20/04/2007

Impressionnée !

Mon petit boulot de journaliste pour un quotidien régional m'amène parfois à faire de belles rencontres dans le cadre de reportages qui ne s'avéraient pas forcément passionnants au départ. Ca a encore été le cas avant-hier...

Je suis allée à une conférence de presse organisée par le CPAS au cours de laquelle les bénéficiaires de l'article 60 devaient présenter une journée familiale et festive qu'ils organisent prochainement. L'article 60 est, en gros, un contrat de travail à durée déterminée qui permet aux personnes en difficulté de travailler pendant un nombre de jours suffisant pour récupérer leurs droit au chômage et leurs droits sociaux tout en se réinsérant dans la vie professionnelle. Ensemble, ils ont mis sur pied cette journée festive qui poursuit deux objectifs : réunir les familles autour d'activités conviviales, de petits jeux, de bons petits plats et aussi montrer à ces familles qu'ils sont des gens comme les autres et que non, ce n'est pas de leur faute s'ils sont un jour tombés très bas !

Et là, j'ai rencontré Alain. Il a 39 ans et il a bien voulu me raconter pourquoi et comment il bénéficie aujourd'hui de cet article 60. Il a suivi des études, a décroché un diplôme et très rapidement, il a fait ses premiers pas dans le monde du travail. Comme indépendant dans le secteur du bâtiment d'abord (pendant quatre ans), puis dans l'hôtellerie (pendant plus de quinze ans). Et en 2000, sa vie a totalement basculé. Il a été contraint de mettre fin à son activité professionnelle six mois après l'arrivée de l'euro, et quelques mois plus tard, sa femme l'a quitté... 

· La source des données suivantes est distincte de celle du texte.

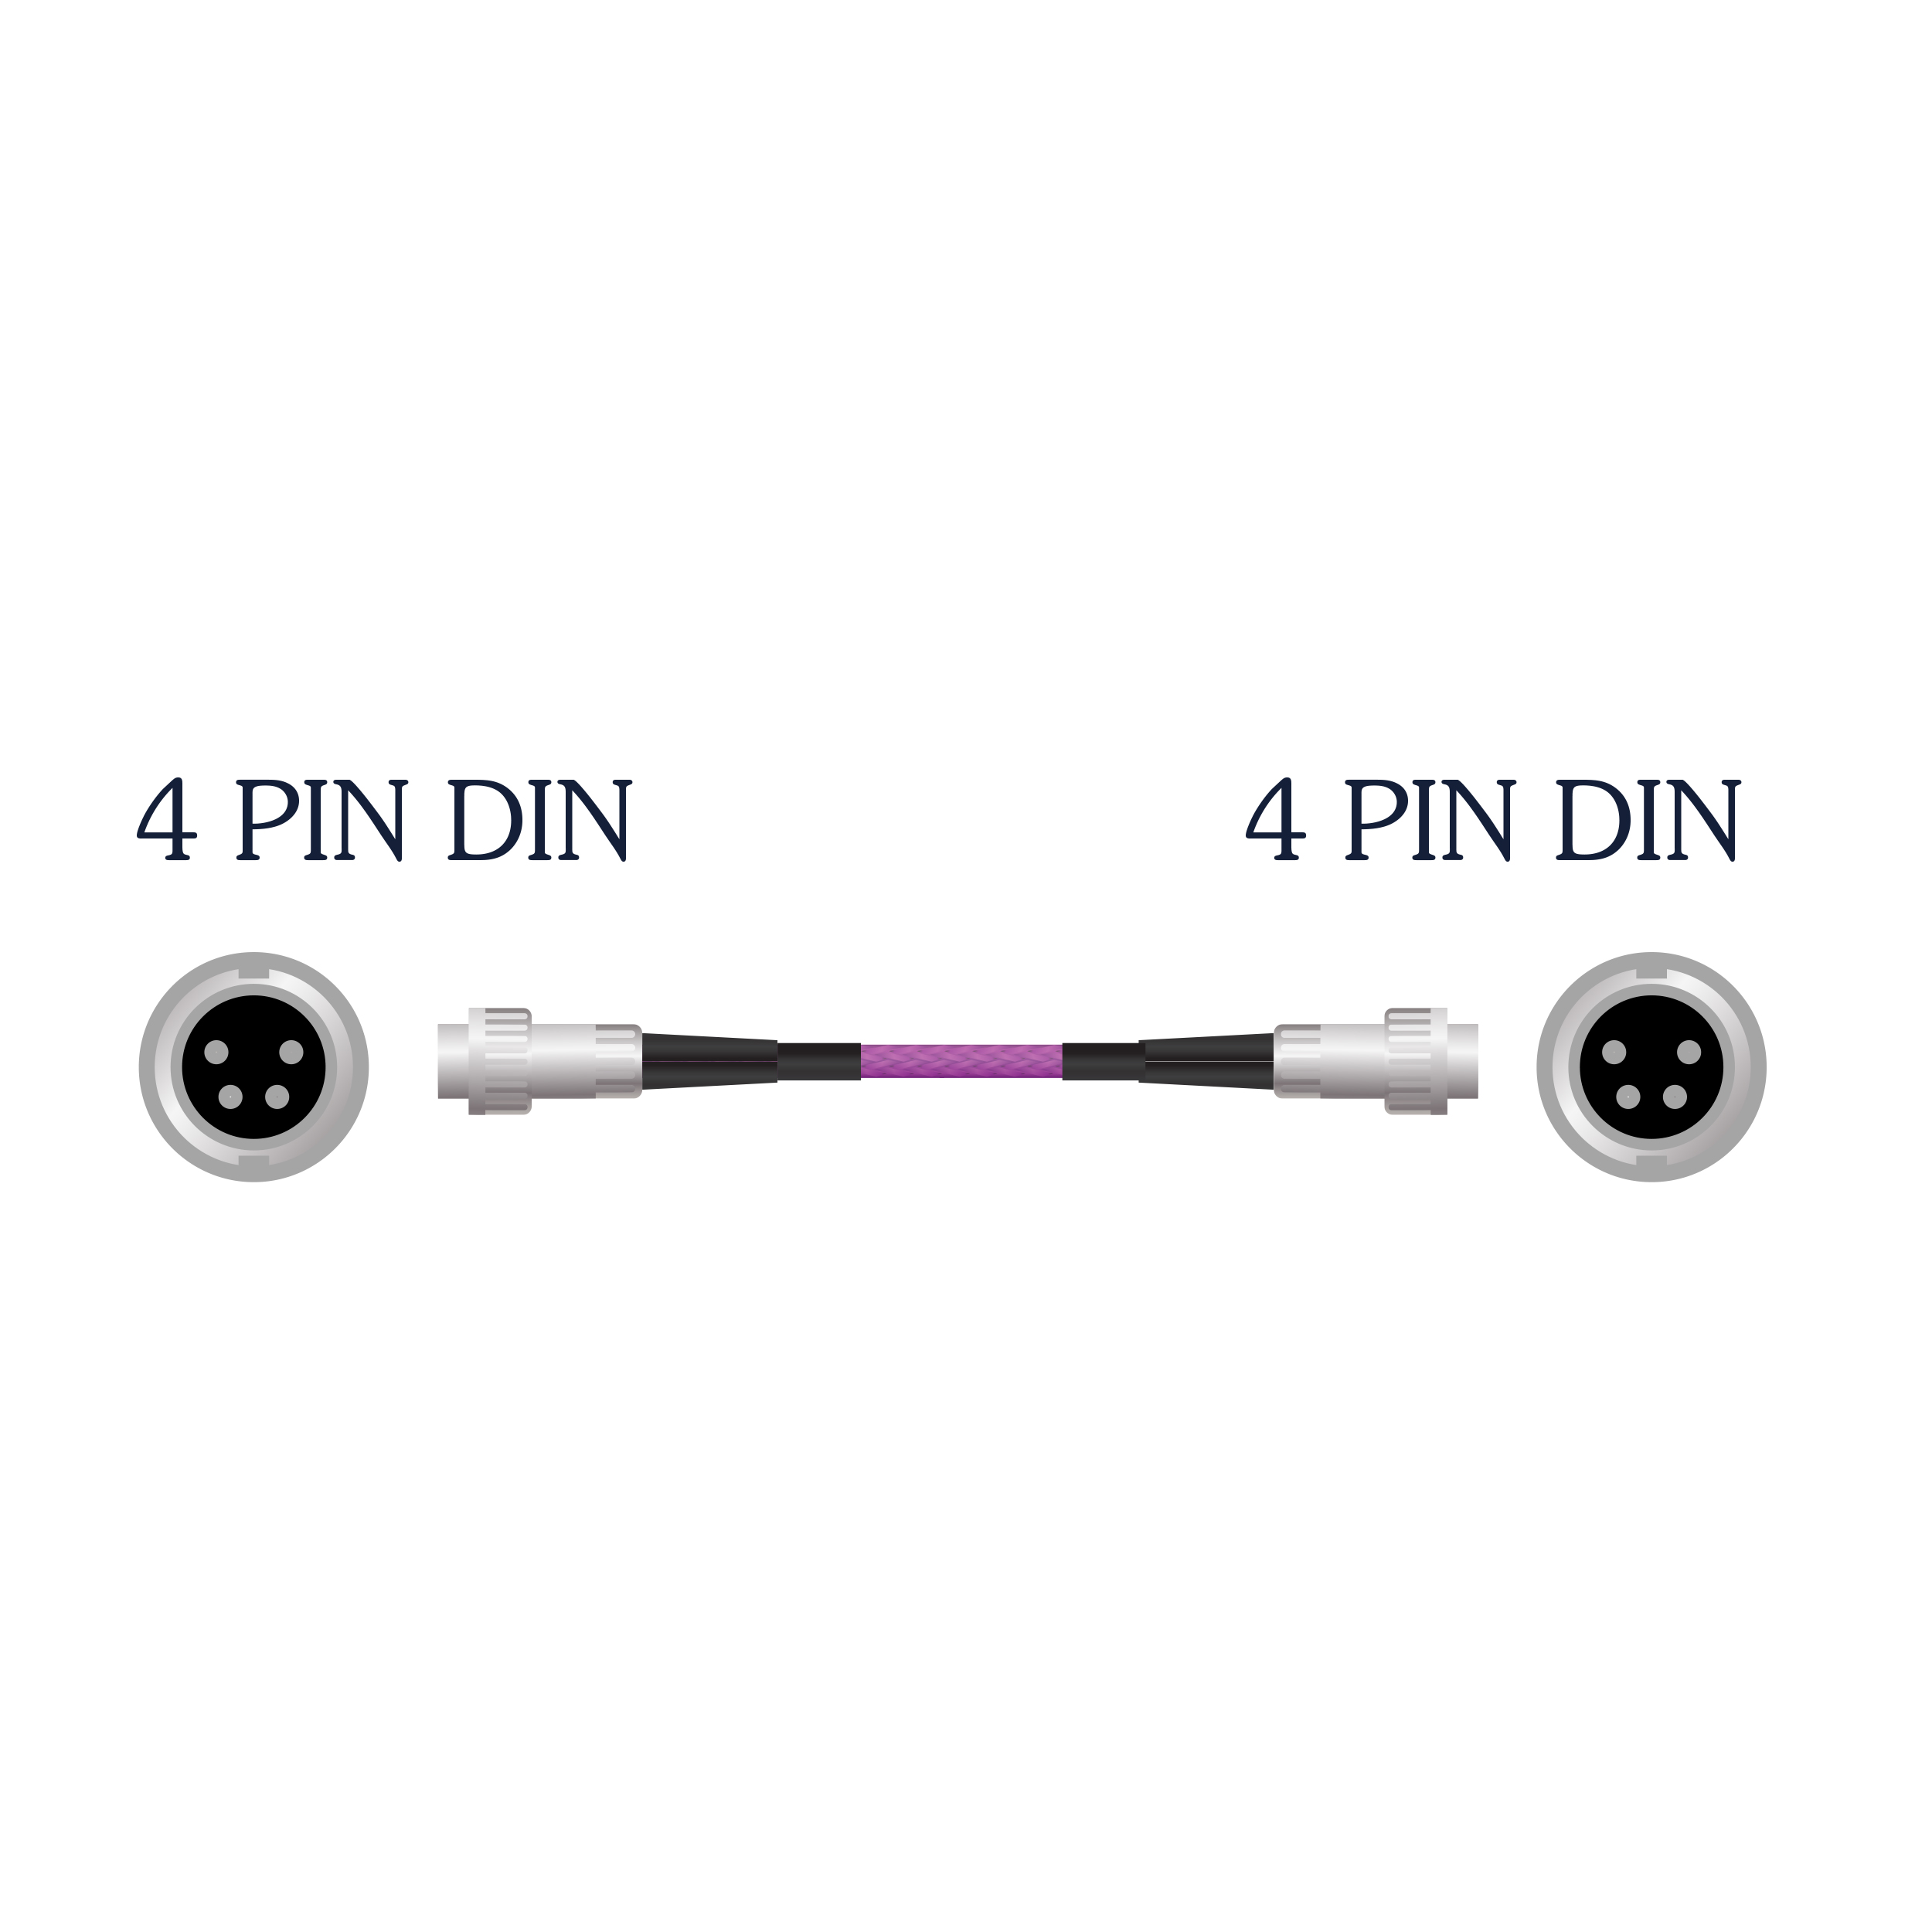 <p align="center">Frey 2 Specialty 4 Pin DIN To 4 Pin DIN Cable</p>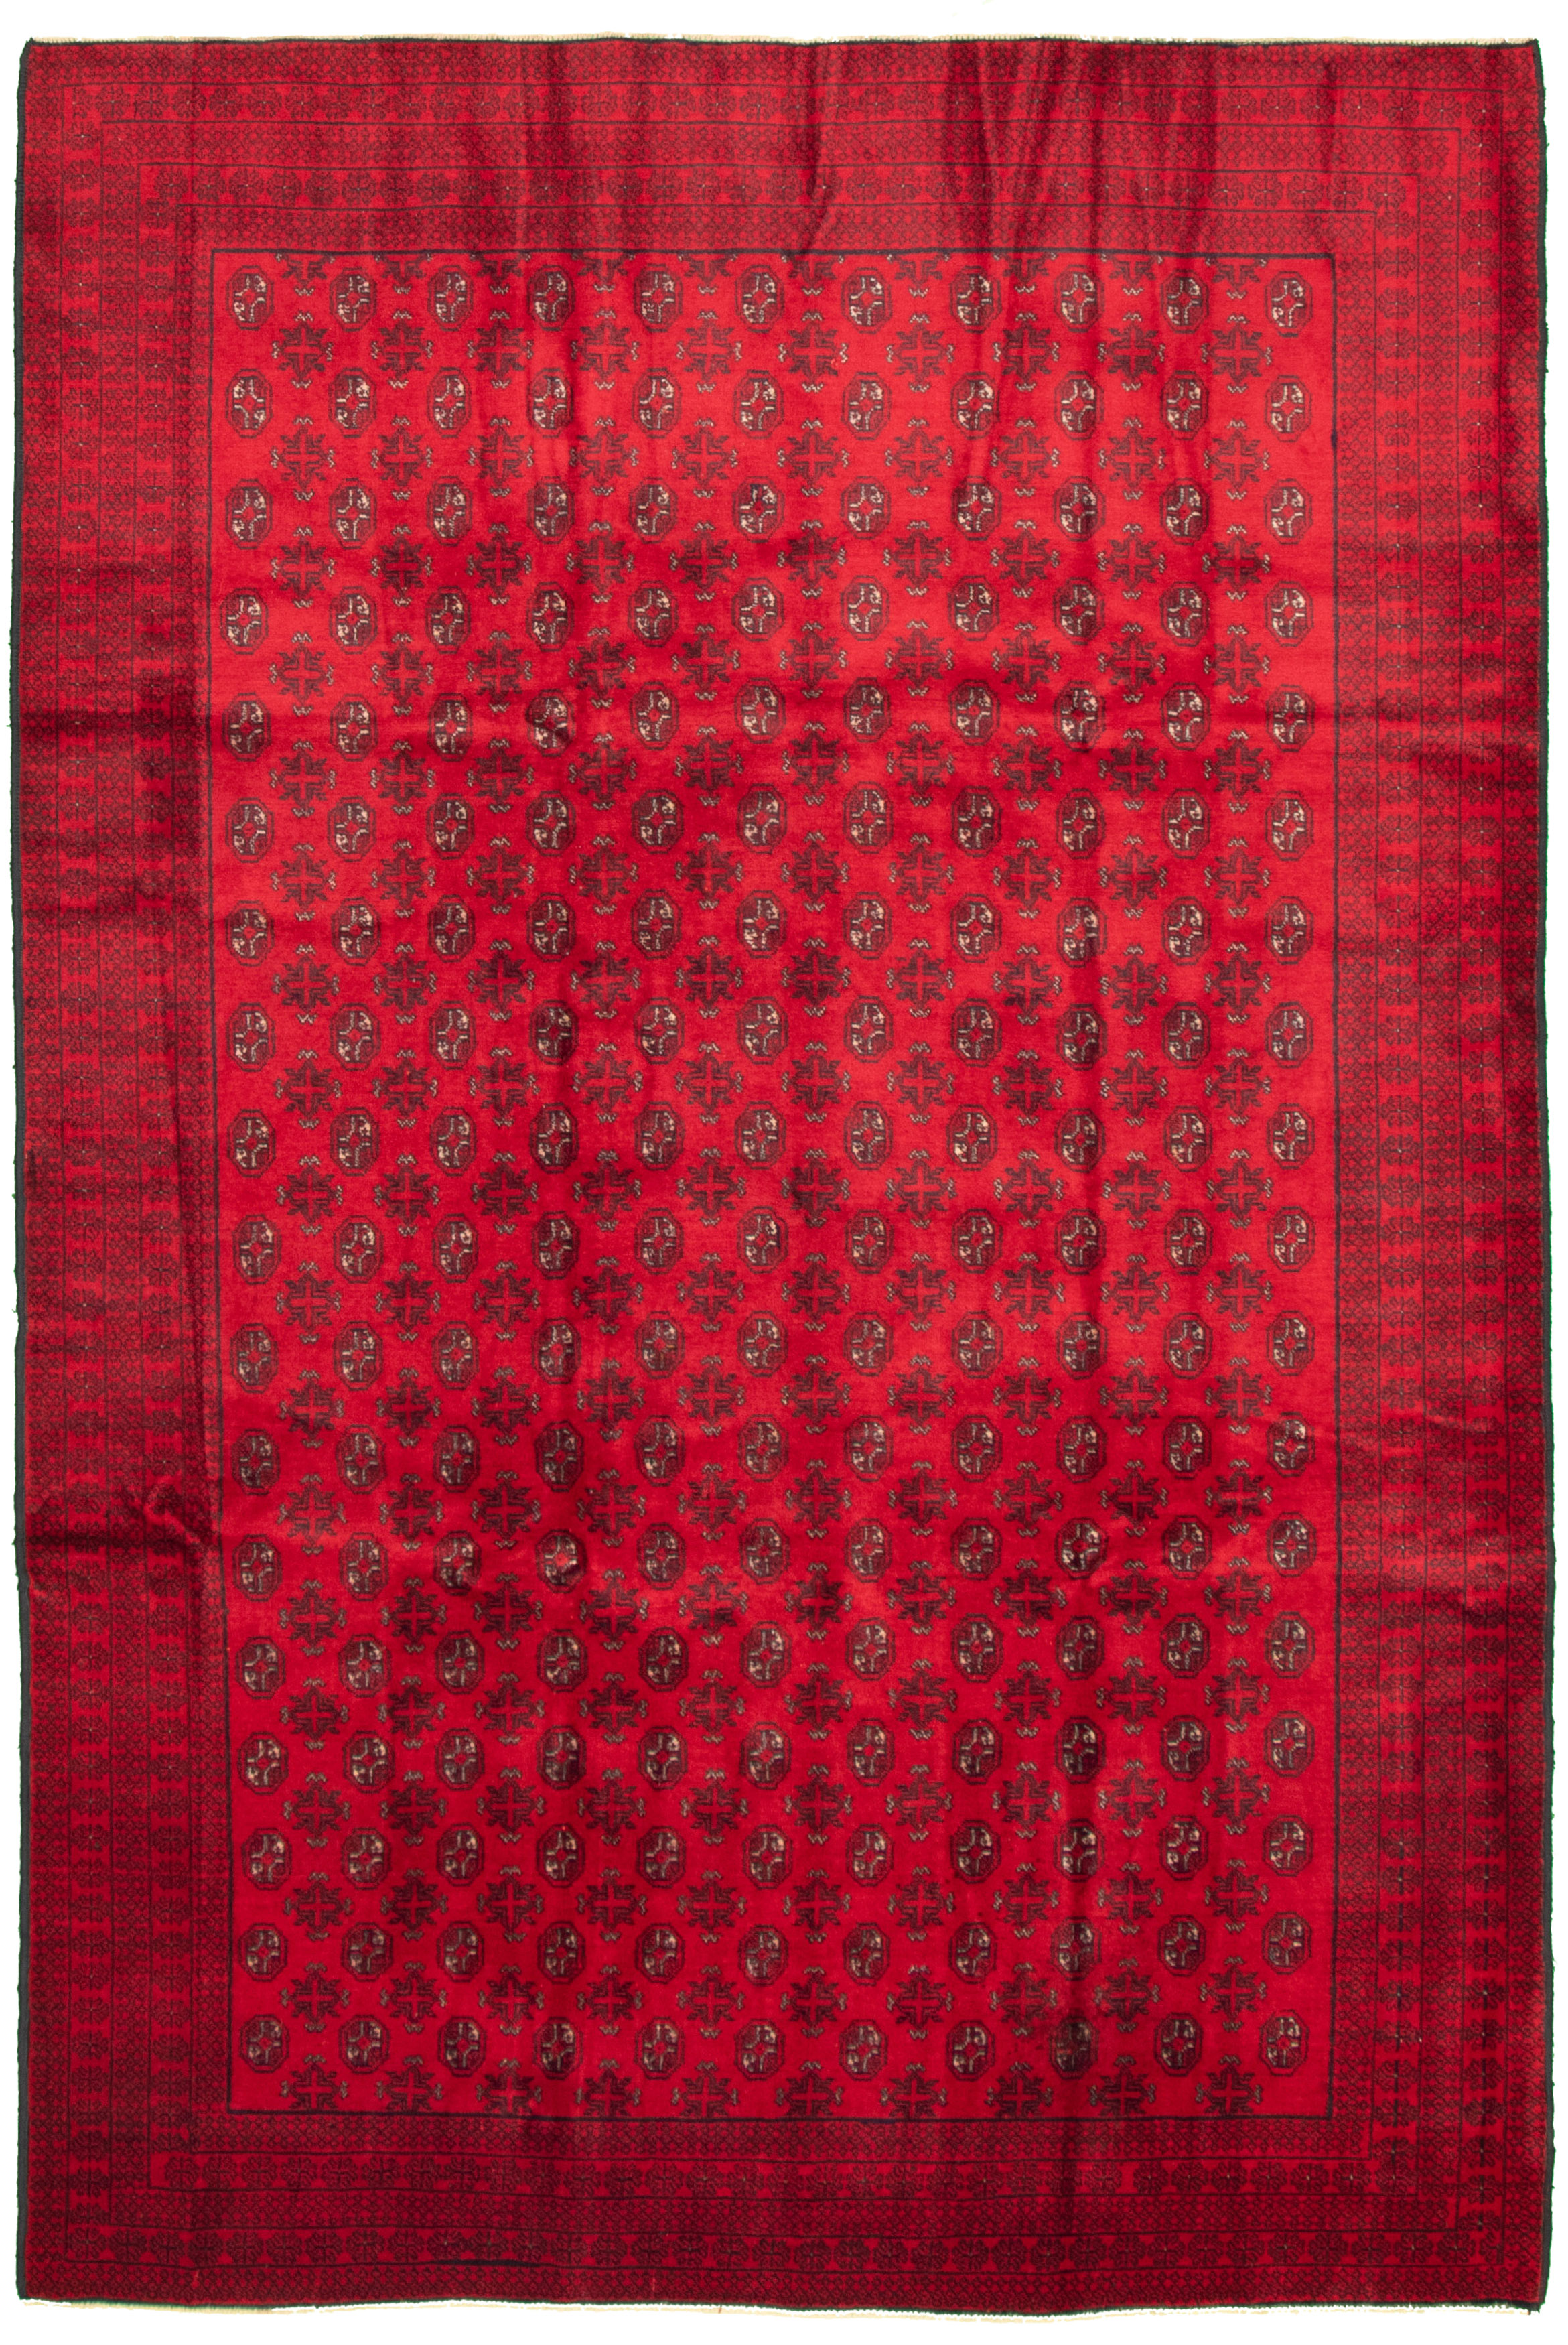 Hand-knotted Khal Mohammadi Red Wool Rug 6'3" x 9'5" Size: 6'3" x 9'5"

Mais pas question pour lui de baisser les bras. Il a continué à se lever chaque jour à 6h30 pour ne pas se laisser aller, il a vécu de petits boulots tout en envoyant plus de 400 lettres de motivation pour retrouver un boulot. Il a même directement poussé la porte de plusieurs entreprises mais sans succès. Il se sentait de plus en plus écarté de cette société qui préfère bien évidemment les gens qui ont un boulot, une vie stable, de l'argent et qui mènent leur petite vie sans gêner personne ! 

Et c'est là qu'il a entendu parler de ce fameux article 60 et qu'il a osé pousser la porte du CPAS. Ca n'a pas été facile tous les jours, surtout au début étant donné que les personnes engagées sous ce contrat ne gagnent qu'un euro par heure pendant les trois premiers mois. Une façon de tester leur motivation et leur fiabilité lorsqu'on leur confie un emploi. Mais au terme de ces trois mois, il a à nouveau reçu un salaire à la fin du mois, "de l'argent vraiment mérité" comme il dit. Et peu à peu, il a repris confiance en lui et en ses compétences. Même si l'angoisse quant à son avenir professionnel est toujours bien présente, il sait qu'au terme de ce contrat de 18 mois, il aura retrouvé ses droits et qu'il aura mis toutes le chances de son côté pour retrouver un emploi... En tous cas, je le lui souhaite !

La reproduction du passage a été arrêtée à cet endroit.